Mais les musiciens regardent Rick, le propriétaire du bar - comme chacun sait, l’une des meilleures performances de Bogart, ou du moins la plus mémorable. « Rick », cet homme qui se déclare indifférent à tout, seulement absorbé par ses postures et ses malheurs. Et que fait le Rick apparemment impassible ? Avec un léger signe de tête mesuré indique que oui, l’orchestre peut défier le farfelu chef de police et les euphoriques nazis. Le chef de la police française aux ordres de l’armée d’occupation, roublard opportuniste mais au plus profond de lui, il est mécontent de l’occupation de la France. Au fond de lui, il est également mécontent de la subordination de la France. Et la Marseillaise sonne ; les gens du coin chantent, le militant croit en raison de sa contestation à la force d’occupation, de sa présence d’esprit, de sa conviction et de sa foi en la rédemption du pays. Allons enfants de la patrie ... le jour de gloire est arrivé... [2]
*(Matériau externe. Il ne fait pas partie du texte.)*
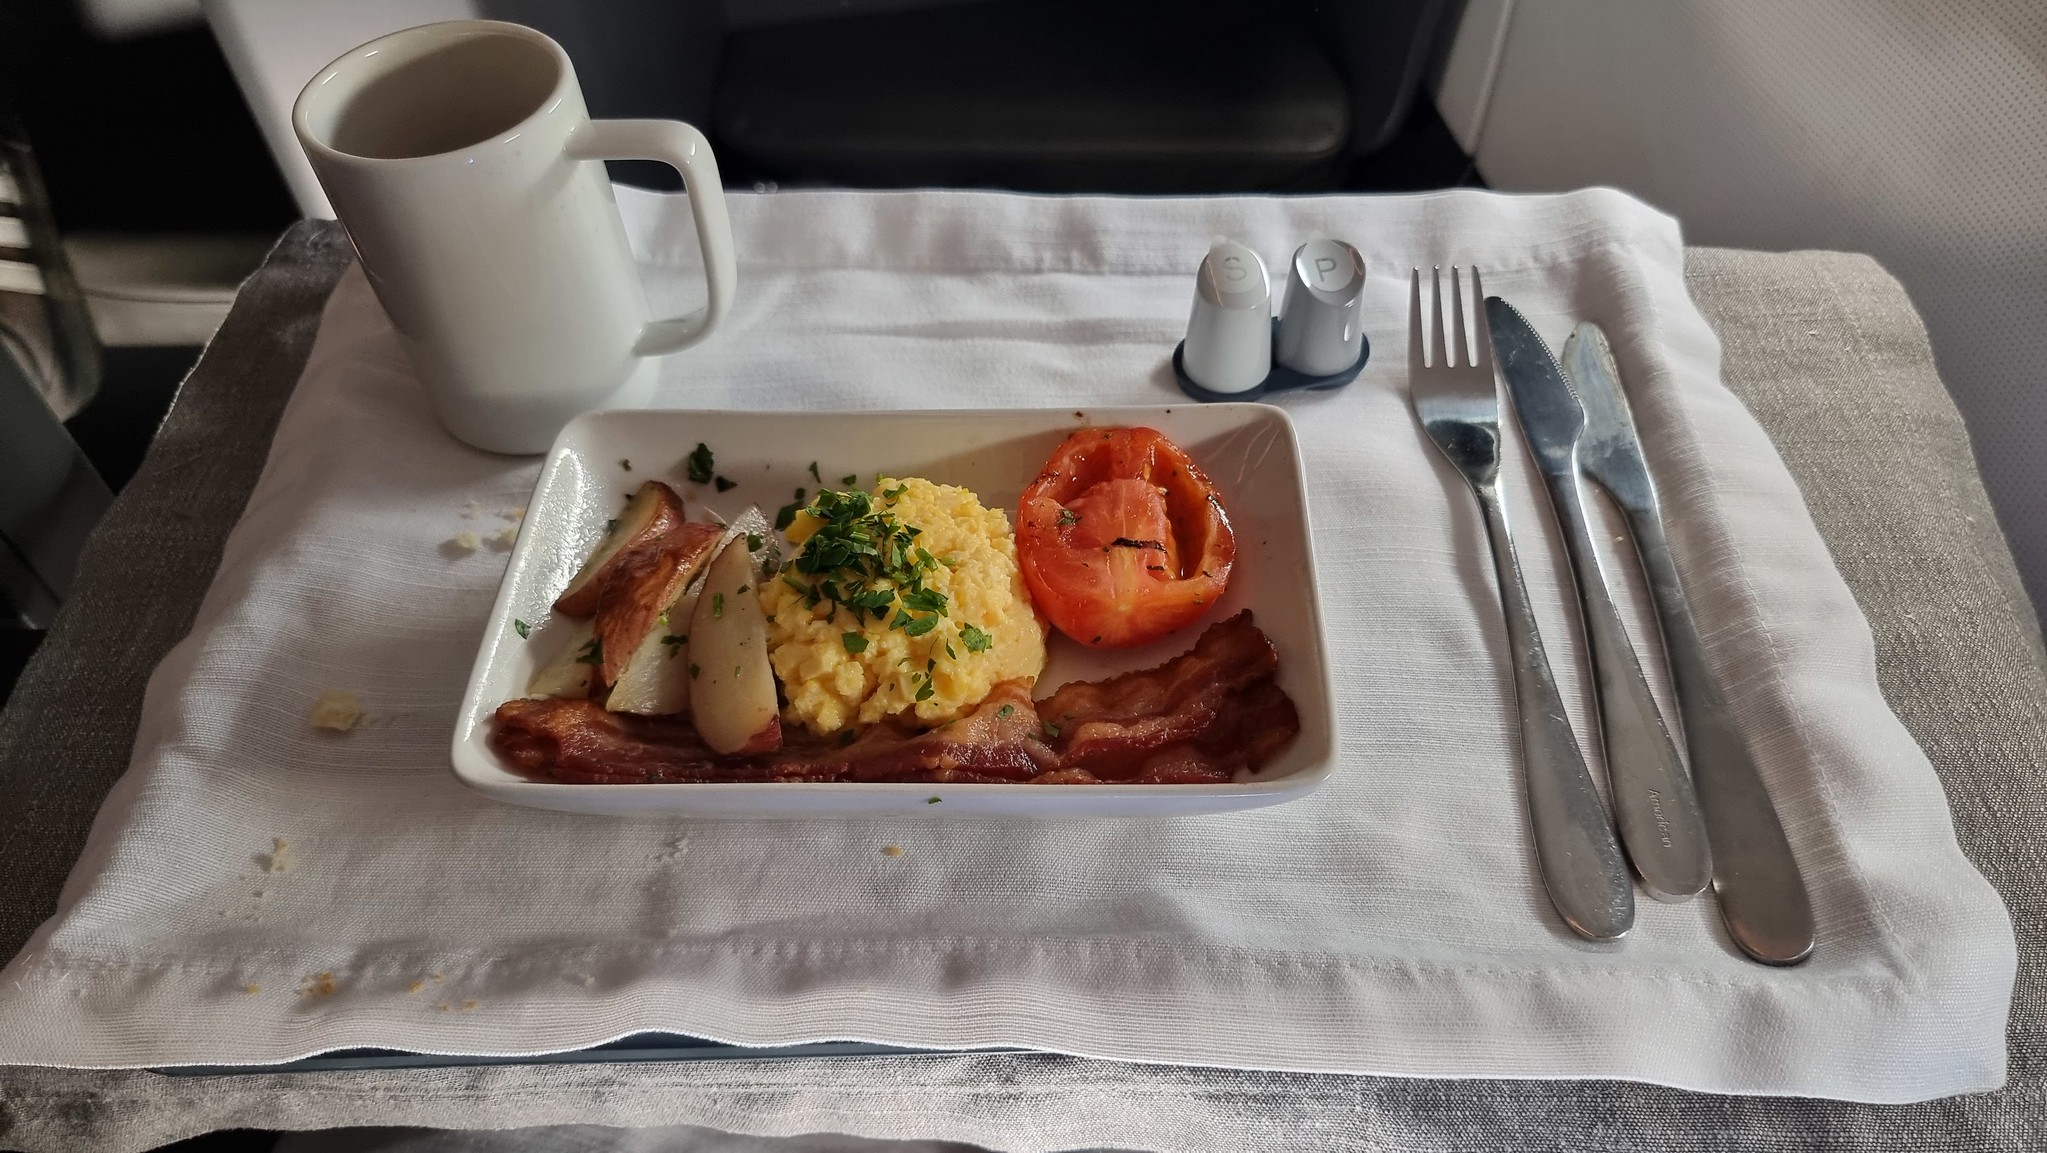 Hot All American Breakfast served on board the AA flight to New York JFK

Rick ne fait pas le moindre effort pour s’en octroyer le mérite, cette émotion du jour, il est sur autre chose. Mais quand les patates brûlent, à ce moment culminant où il est impossible d’être au-dessus de la mélée [en français dans le texte], au dessus de tout ce qui est important qui arrive, ce moment qui est défini par un grain de temps infime et fugace, Rick expose sa figure aventureuse enveloppée dans son romantisme subreptice, quelque chose qui ne l’avait jamais quitté. Il a gardé les vertus du résistant éteintes, mises en sourdine. La gloire il l’a laissée au militant, dont le rôle n’était pas seulement naïf ou subalterne. Il est vrai que le militant Lazlo se croyait l’initiateur de toute la scène. Mais les événements s’étaient produits par un signal microscopique de Rick. Cependant, sans le prétendu détonateur agité par le militant, Rick n’aurait pas agi non plus. Une action - celle du mélancolique aventurier déraciné - chevauche l’autre, celle du militant fébrile et convaincu. Les deux ont besoin l’un de l’autre, tout comme ils aimaient la même femme. Les deux étaient un.

C’est que le couple apparemment contradictoire entre aventurier et militant, propagé mais qui n’a pas été inventé par Sartre, reste valable pour penser les questions ardues de la décision politique. Il est vrai que le film Casablanca est une histoire d’amour au service d’une propagande en temps de guerre, mais comme nous le savons, il a mystérieusement transcendé tous ses motifs originels. C’est pourquoi il n’est pas moins vrai que cela soulève la question toujours fondamentale d’une passion intime au milieu d’une conflagration guerrière générale. Alors, quel côté des émotions fondamentales triomphe, mémoire affectueuse ou sacrifice patriotique ? C’est un problème aujourd’hui.

Le mot aventurier n’a pas bonne réputation en politique, c’est lui qui n’apprécie pas les conditions imposées par la réalité historique et qui frole la gratuité de son héroïsme personnel. Il ne faut pas manquer de mentionner son inévitable fardeau péjoratif, puisque l’aventurier est entouré de la modeste renommée de l’opportuniste. Le militant, quant à lui, ne prend pas de mesures inattendues, il est intégré dans une organisation et obtient sa liberté de la nécessité de nouer des relations avec le groupe. La liberté de l’aventurier est plus large, mais il n’en connaît pas l’étendue, car elle doit toujours être mise en contraste avec l’environnement commun, avec la routine des institutions, dont Rick est absent.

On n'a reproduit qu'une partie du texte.